Monday, March 10, 2014

Jimmy's Excellent YouTube Adventure

During Jimmy Fallon's first four weeks as The Tonight Show host he averaged roughly 5 million viewers per night.  During the same four week period, he racked up roughly 100 million views on the show's dedicated YouTube channel.  Some folks on his social media team have clearly attended a YouTube boot camp or two as they are following every golden rule for growing a YouTube audience, from a compelling welcome/subscribe video to catchy thumbs and titles, to sharable content.  And unlike the many MCNs that are gasping for life outside the YouTube monolith, The Tonight Show is using YouTube strictly as a marketing platform, even choosing to run the clips ad-free.
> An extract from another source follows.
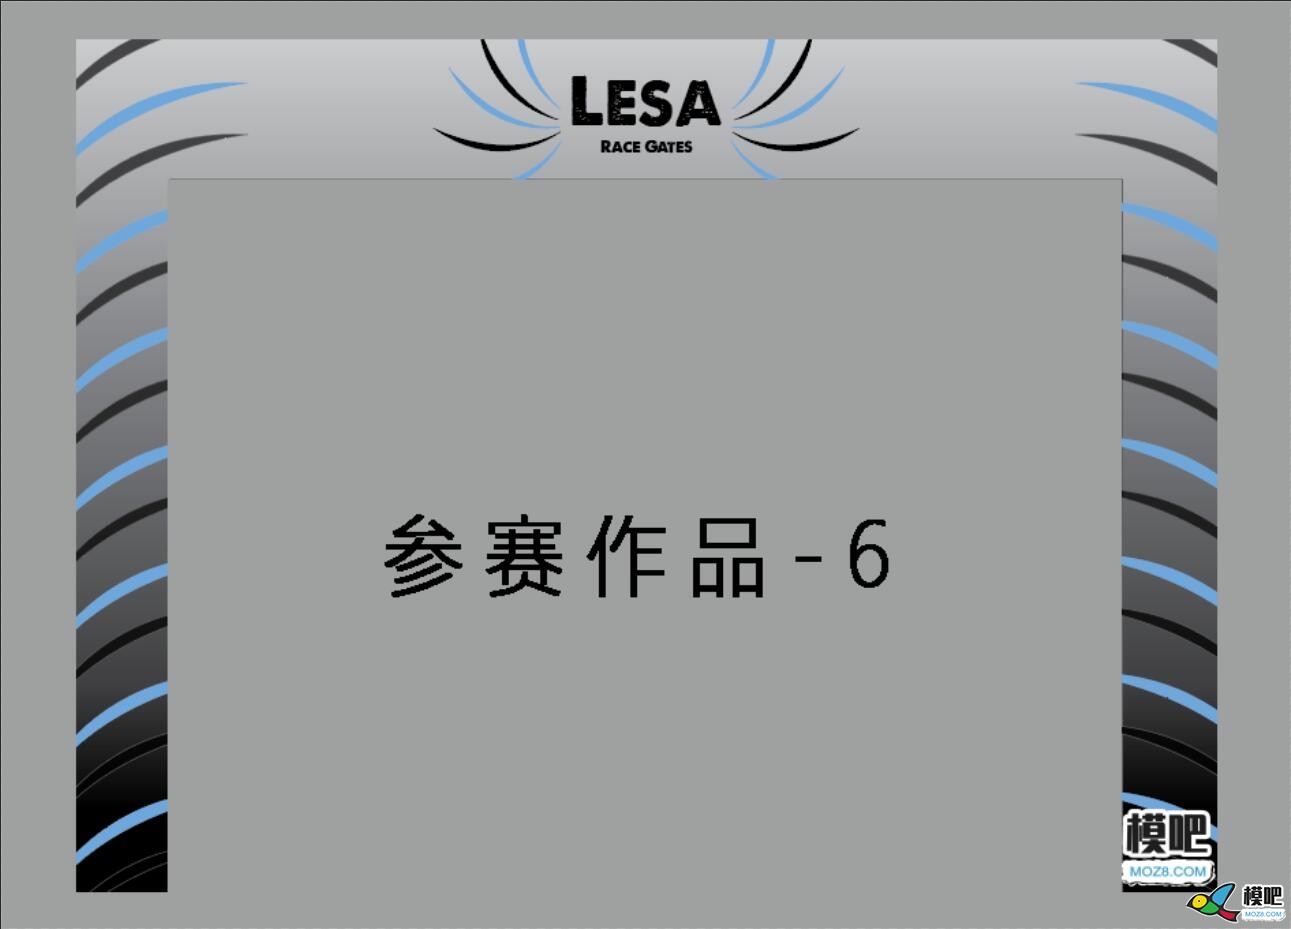 LESA品牌无人机穿越门图案设计大赛获奖公示 穿越机,穿越门 作者:小兔子 7145 
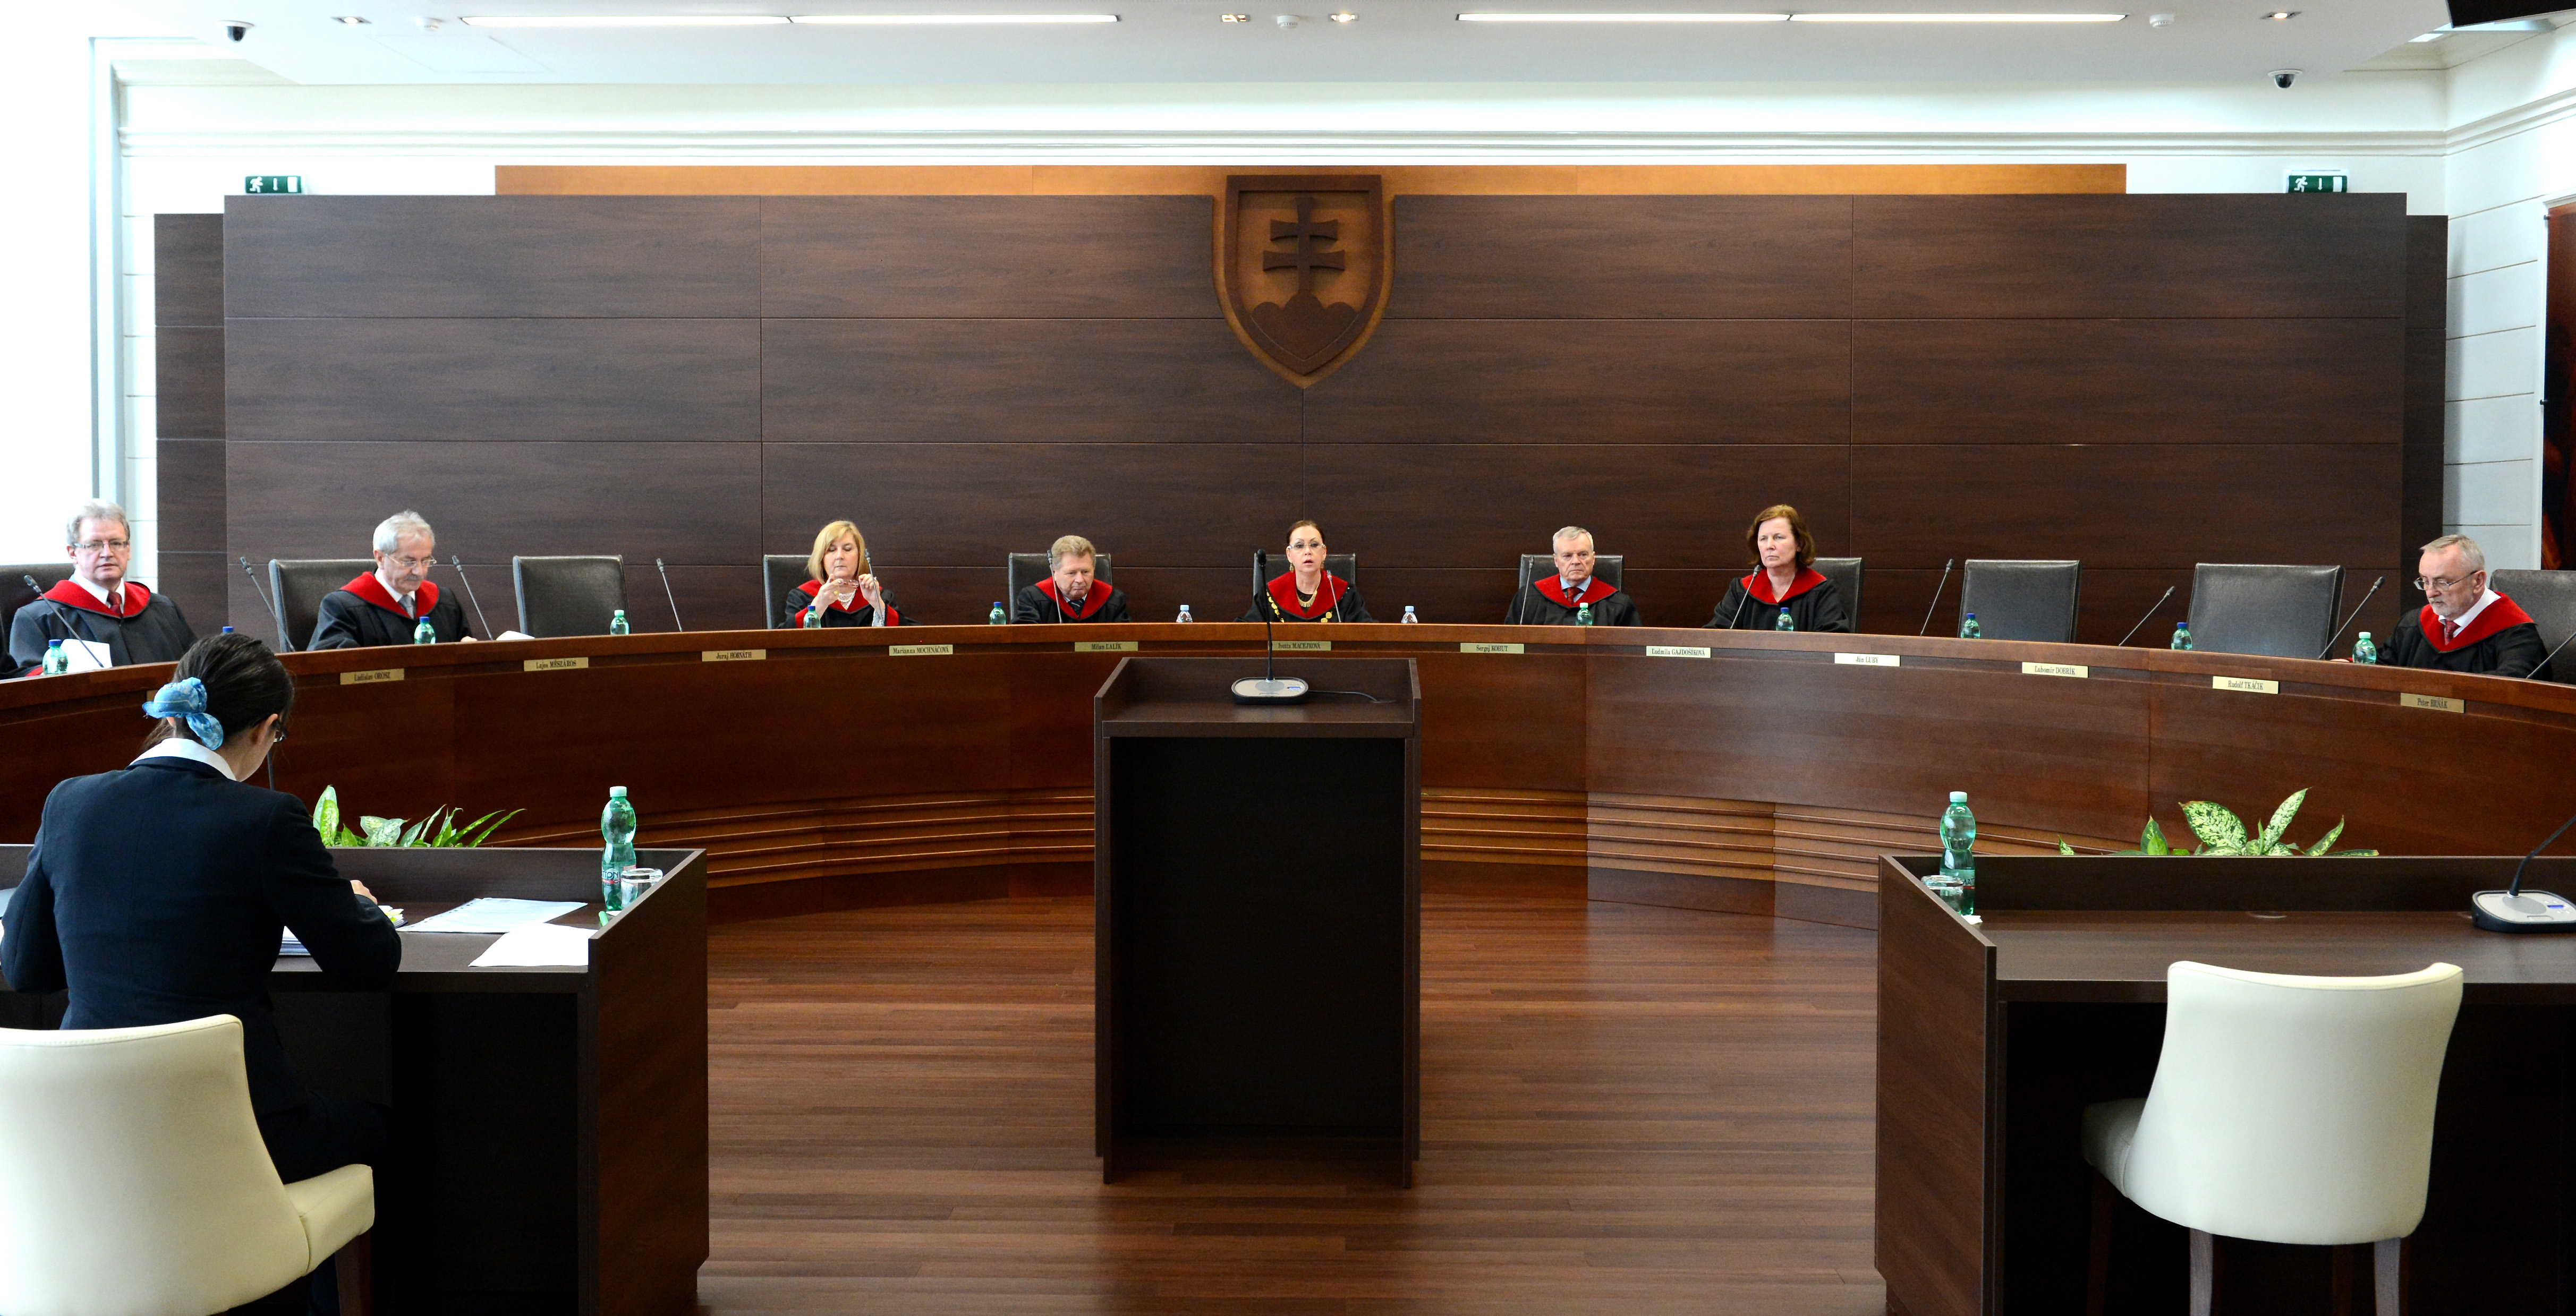 Verejné zasadnutie pléna Ústavného súdu SR (ÚS SR) v Košiciach, archívna snímka

Based on the pace of the first four weeks, the Tonight Show YT Channel could add well over 1 billion views by the end of the year.  To put that in context, it has taken Machinima, YouTube's most popular channel, six years to reach 4 billion views.  And up until recently, YT has been their primary focus and source of revenue.

One could argue that NBC's parent, Comcast and YouTube are the 2 dominant televisual distribution platforms in the world, both getting stronger by the day -  YouTube through new generational viewing habits and  endorsements like this, and Comcast through extraordinary acquisitions like NBC and now TimeWarner Cable.

But it seems YouTube is the real winner in this story.  I for one am a huge Jimmy Fallon fan, but have never watched his previous show or the current one on television, opting to browse the best clips on YouTube throughout the week.  Same for my teen age kids and many of my friends in the 25-54 demo.

Danny Hillis, an inventor and technology entrepreneur was quoted in a recent NY Times Sunday Magazine cover story where he highlighted Marshall McLuhan’s observation that the content of a new medium is the old medium: that each new technology, when first introduced, recreates the familiar technology it will supersede.